I have tried to create a JS script using papaparse but it is very slow (reading a row at a time; not a requirement to use papaparse):
- Using pandas directly and read a 1.75 GB csv with pd.read_csv(): less than 3 min
- My JS stream code into CDS with
.stream
: after 16 min it was not finished and I stopped the script
(I do not know if my JS code is correct; I assume there could be room for improvement as I do not know JS).
When I have googled this I do find some SO hints with respect to JS code, but I do not understand how to implement it for streaming a file in chunks into either a CDS or a df.

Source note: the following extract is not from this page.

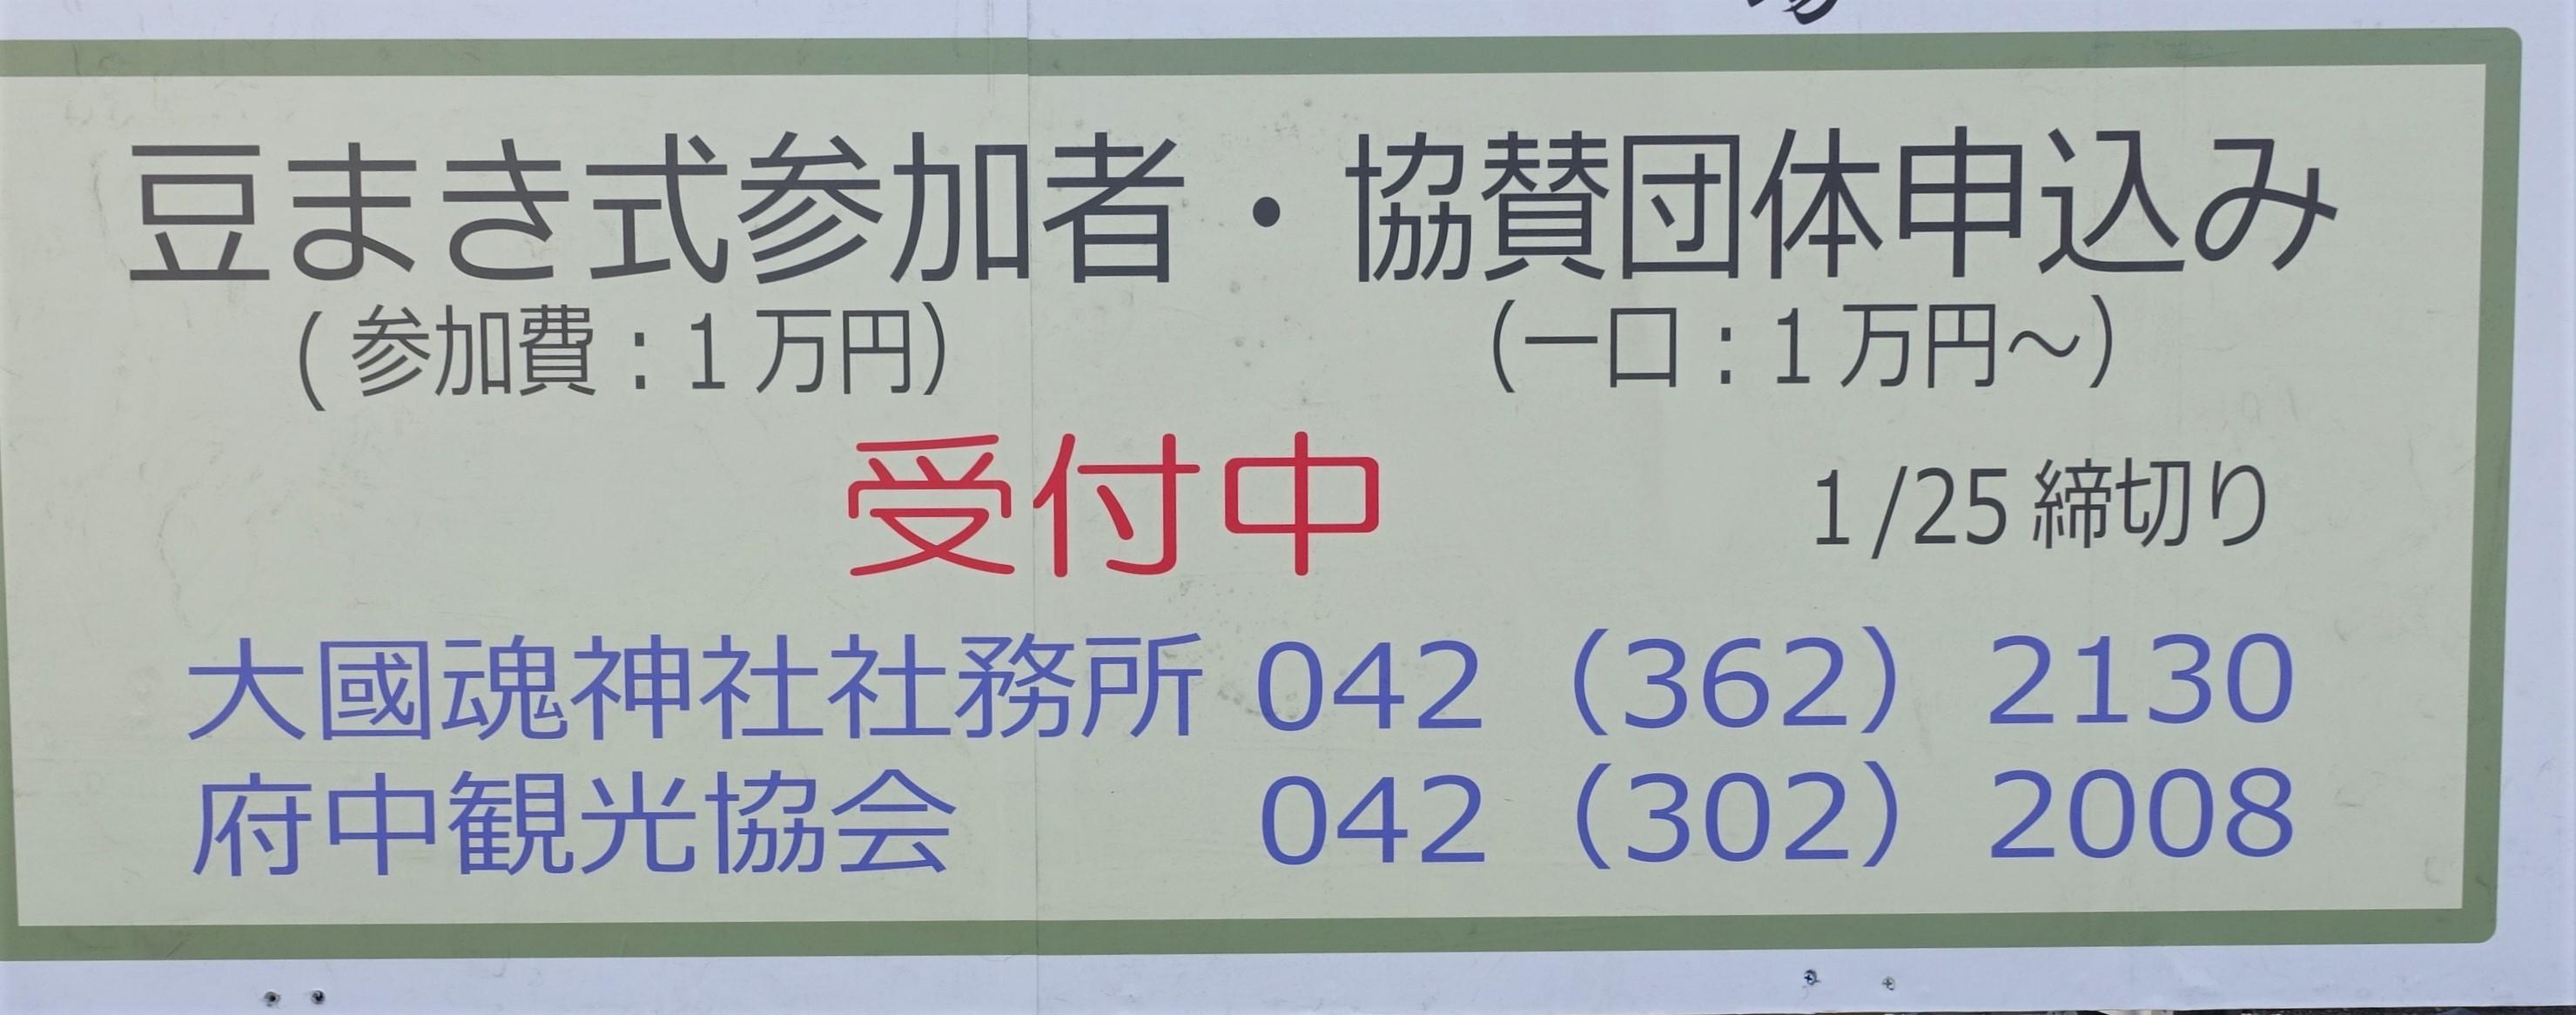 DSC09673.jpg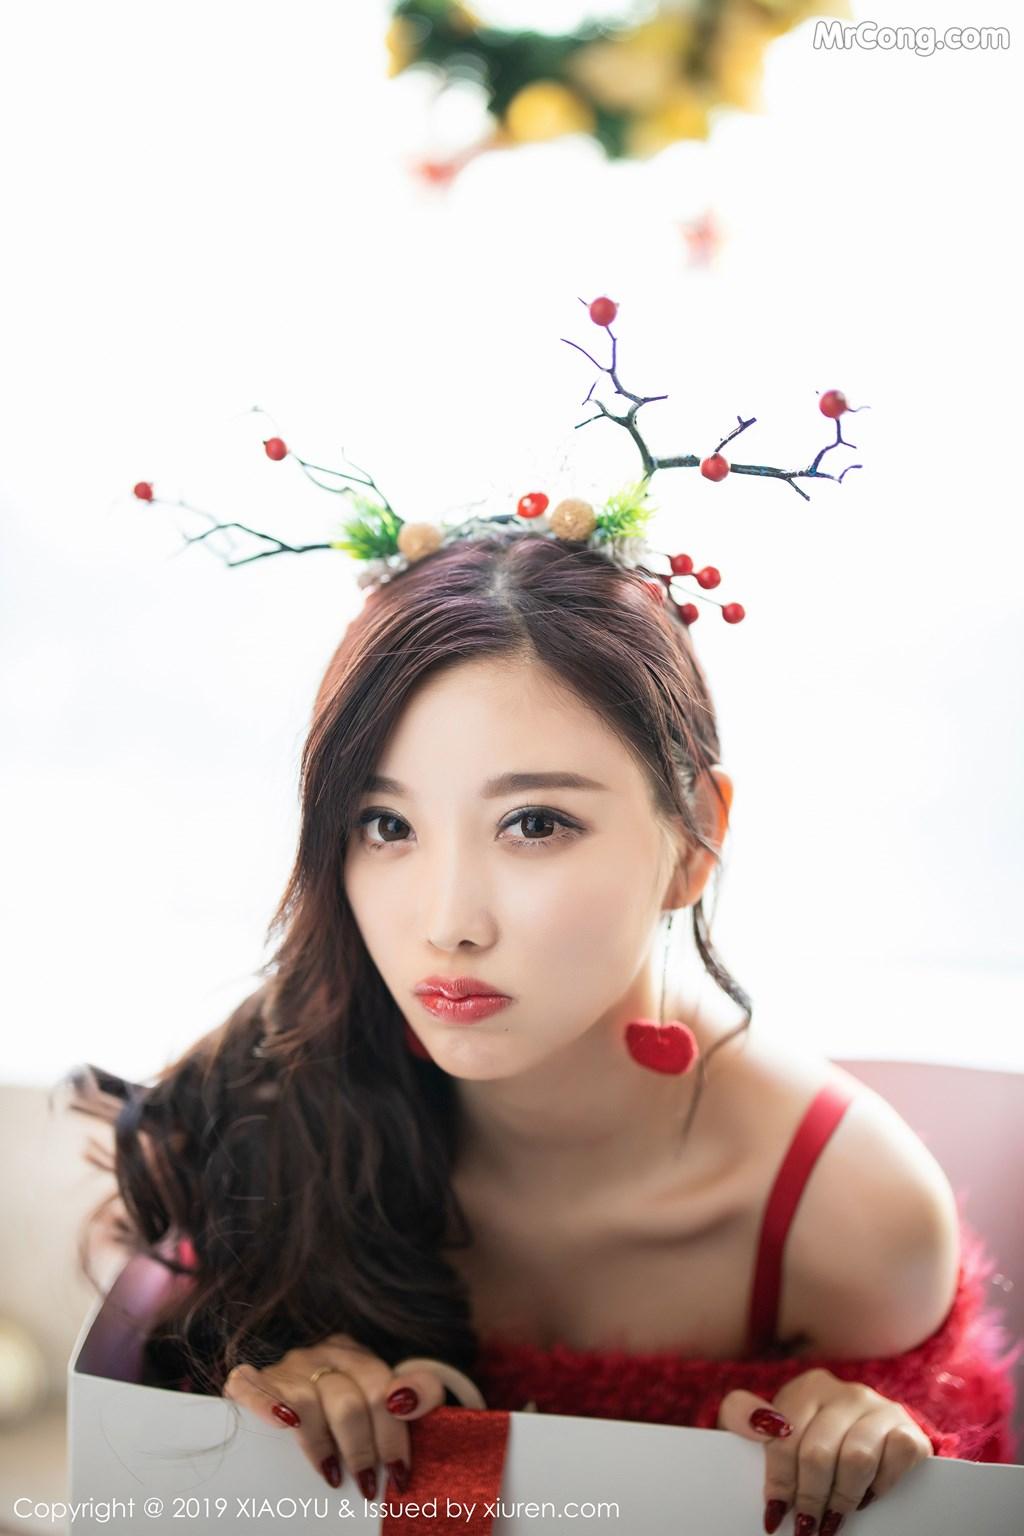 XiaoYu Vol.221: Yang Chen Chen (杨晨晨sugar) (72P)

If anyone got time to help/advise how to do this I would very much appreciate it. Thanks.
main.py
import os
import pandas as pd
import time
from bokeh.layouts import row, column
from bokeh.models import Div, CustomJS, Button, TextInput, ColumnDataSource
from bokeh.io import curdoc
file_source = ColumnDataSource()
status = Div(text = '')
button = Button(label="Select file", button_type="success")
button.js_on_click(
CustomJS(
args = dict(file_source = file_source, status = status),
code = open(
os.path.join(
os.path.dirname(__file__),
'static/js',
'load_csv.js'
)
).read()
)
)
def data_update(attr, old, new):
# Callback to register when data loading is done and work on data
print(old)
print(new)
if new != 'Done':
return
try:
df = file_source.to_df()
except:
print('Not able to convert data to df')
return
print(df.head())
# Use status div text to figure out when data load is done
status.on_change('text', data_update)
# if just reading data directly into df
#print('reading data...')
#t0=time.time()
#df2=pd.read_csv(file_name) # 1.75 GB
#t1=time.time()
#print(t1-t0)
# 165 secs = 2 min 45 sec
#print(df2.head())
curdoc().add_root(row(button, status))
index.html
{% extends base %}
<!-- goes in head -->
{% block preamble %}
<script src="csv_papa_parse/static/js/papaparse.min.js"></script>
{% endblock %}
<!-- goes in body -->
{% block contents %}
<div>
<h1>Load CSV data</h1>
<p>Read data in chunks into CDS using stream method.</p>
</div>
{{ super() }}
{% endblock %}
load_csv.js
function getData(file_name) {
Papa.parse(file_name, {
header: true,
fastMode: true,
step: function(row) {
const csvData = {};
// need to format data to bokeh CDS setup
// papaparse row.data is JS Object with one value per heading eg
// {
// 'x': 0,
// 'y': 10
// }
for (let [key, value] of Object.entries(row.data)) {
csvData[key] = [value];
}
if (file_source.get_length() == null) {
file_source.data = csvData;
} else {
file_source.stream(csvData);
}
},
complete: function(results, file_name) {
console.log('Complete');
status.text = 'Done';
}
});
}
var data_url;
var input = document.createElement('input');
input.type = 'file';
status.text = '';
input.onchange = e => {
var file = e.target.files[0];
data_url = file.name;
console.log(data_url);
getData(file);
}
input.click();
test.csv
x,y
0,10
1,11
2,12
3,13
4,14
app layout
stream_csv
|-main.py
|-test.csv
|--/templates
| |-index.html
|--/static
|--/js
|-load_csv.js
|-papaparse.min.js